Moreover if you use a different mesher and postprocessing tool then you even do not need Salome. But you must procure translators for the mesh conversion and/or for reading Code-Aster's output files or you must insert suitable code in the Code-Aster command file to procure for the translation.

1. Start SalomeMeca (or Salome):


The path where runSalomeMeca and the other programs reside may be different in your installation.

2. In Salome (or SalomeMeca) open the Geometry module

Then import an existing geometry in .step or .brep-format (Menu: File - import) or create your geometry step-by-step starting with Menu: New Entity. When ready explore your geometry with Menu: Measures - What is?. This informs you about the "SubShapes" contained in your geometry object. Example: for a cube solid you will find the follwing SubShapes: 1 shell (closed hull composed of 8 faces), 8 faces, 6 wires (closed sequence of lines enclosing a face), 12 lines, 8 vertices.

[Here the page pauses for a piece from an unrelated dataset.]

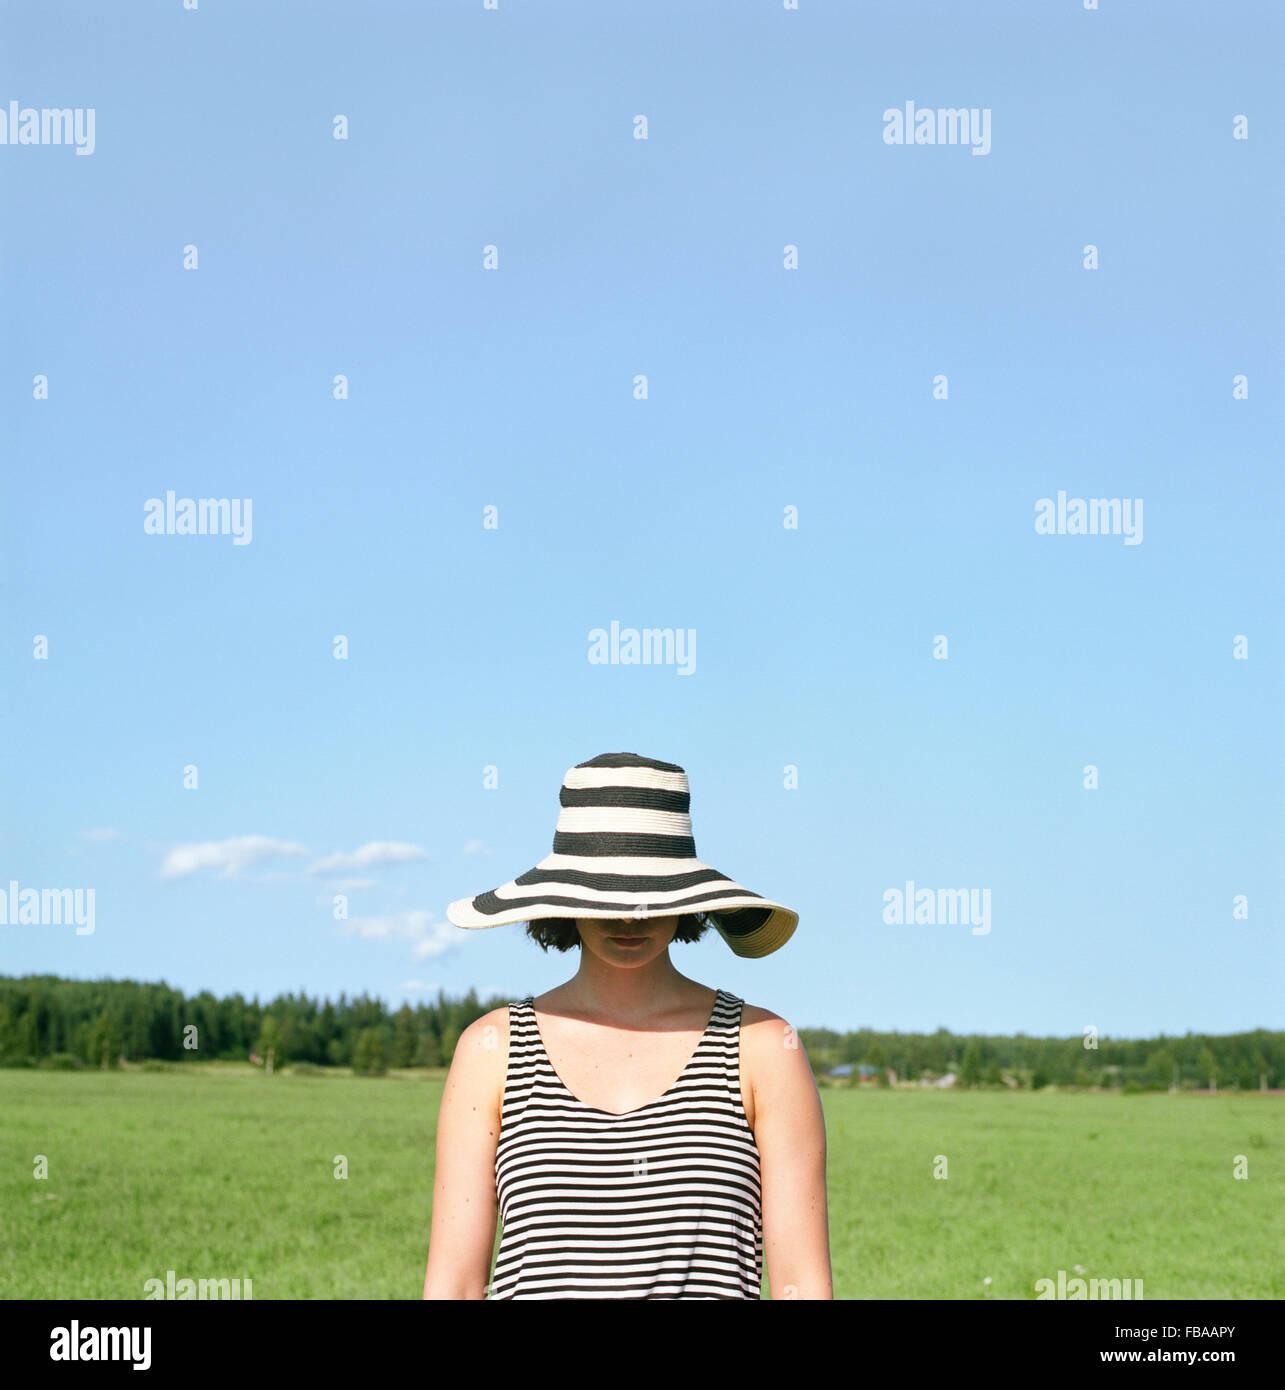 Finlandia, Uusimaa, Lapinjarvi, mujer vistiendo sombrero que cubre su rostro Imagen De Stock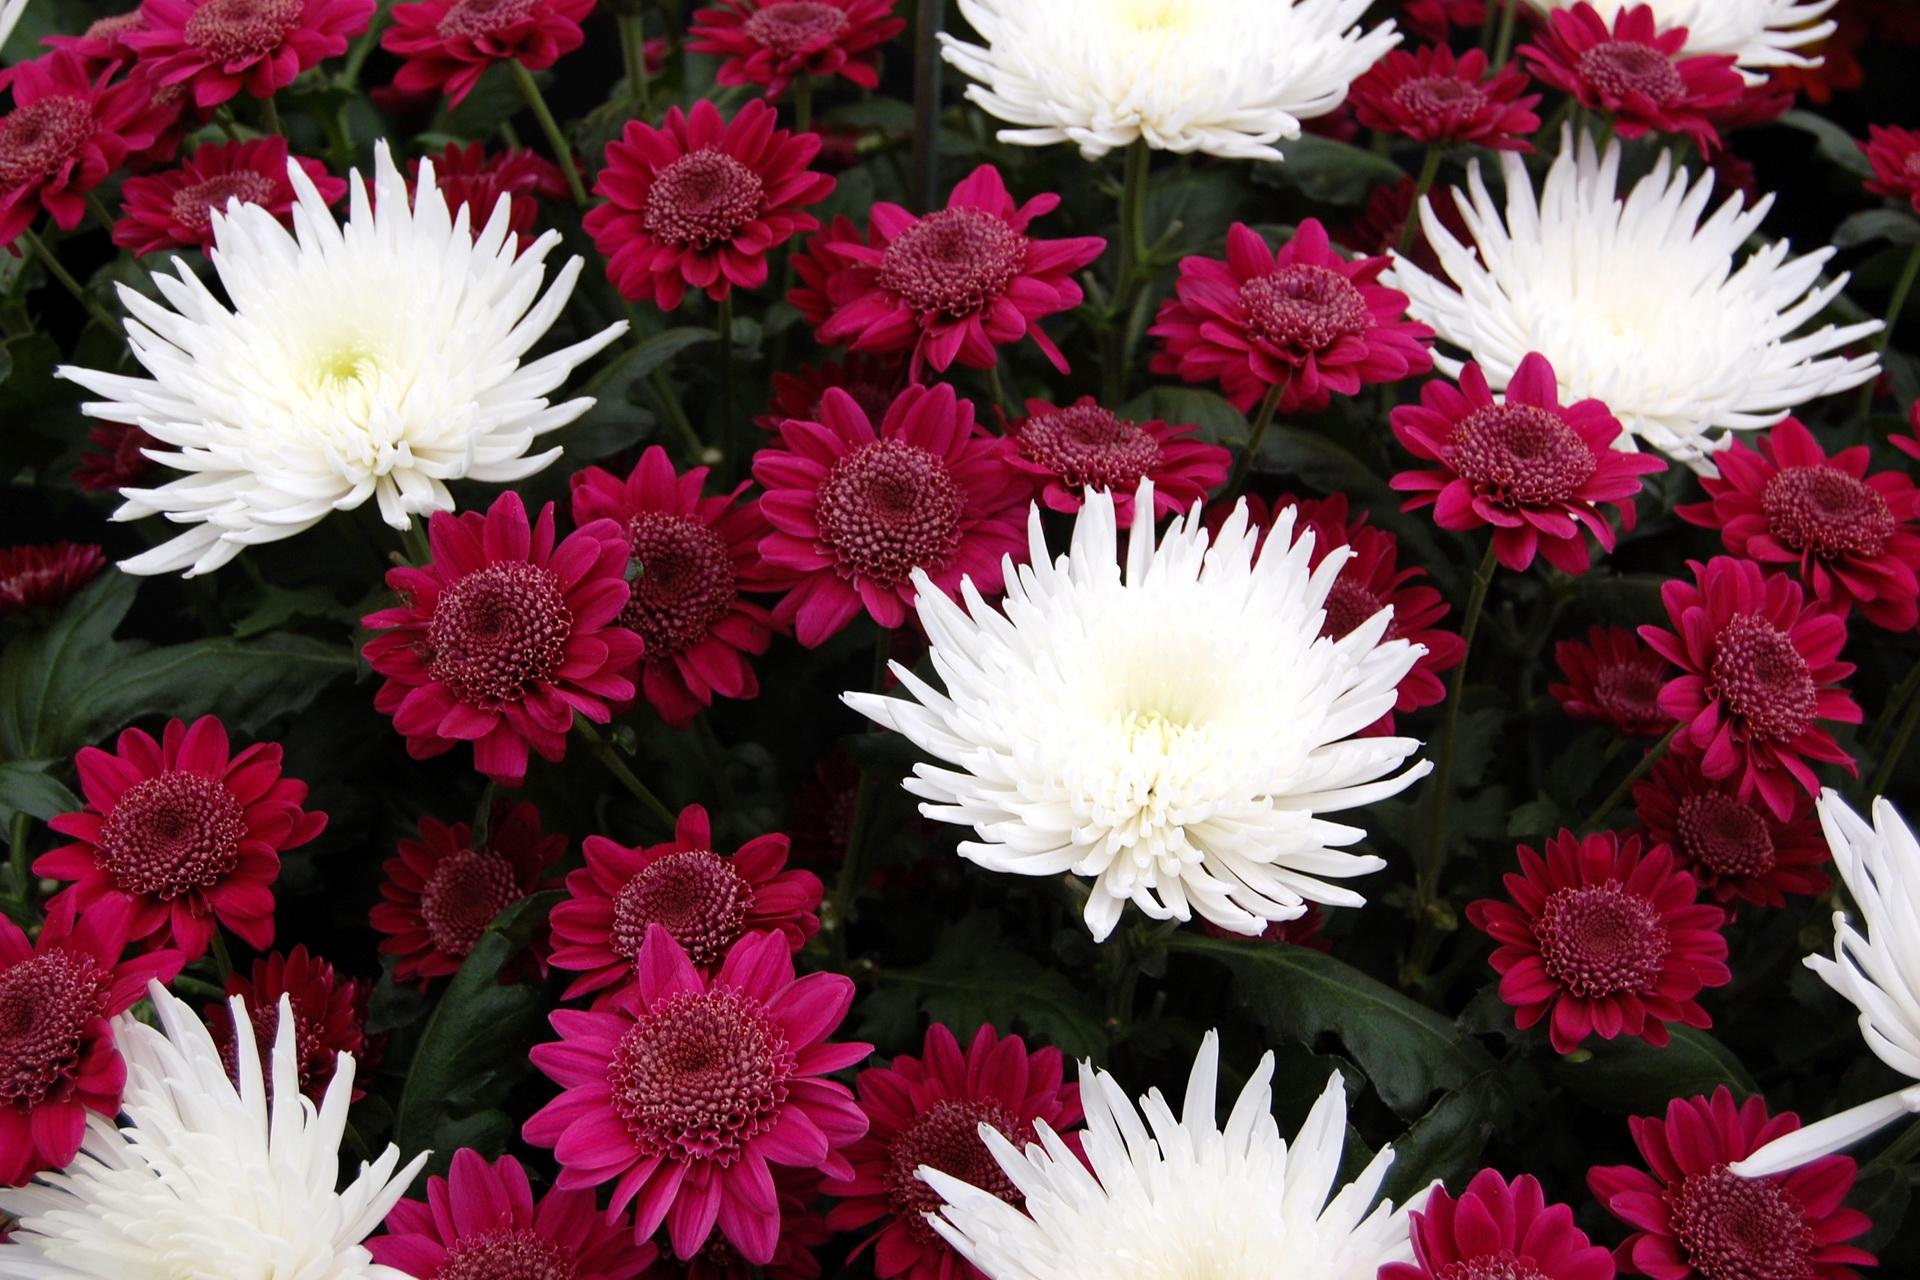 Обои на рабочий стол Цветы хризантемы   подборка (3)

3. Change in Salome (or SalomeMeca) to the Mesh module

Create the mesh based on your geometry (Menu: Mesh - Create Mesh). The mesh knows only the element topology (SEG2, QUAD8, TETRA4, HEXA8-elements and many others,..) but does not contain any information about materials, properties (plate thicknesses, beam cross section etc.) or loads. Therefore it is necessary to create groups (of nodes and/or elements) to be included in the mesh definition.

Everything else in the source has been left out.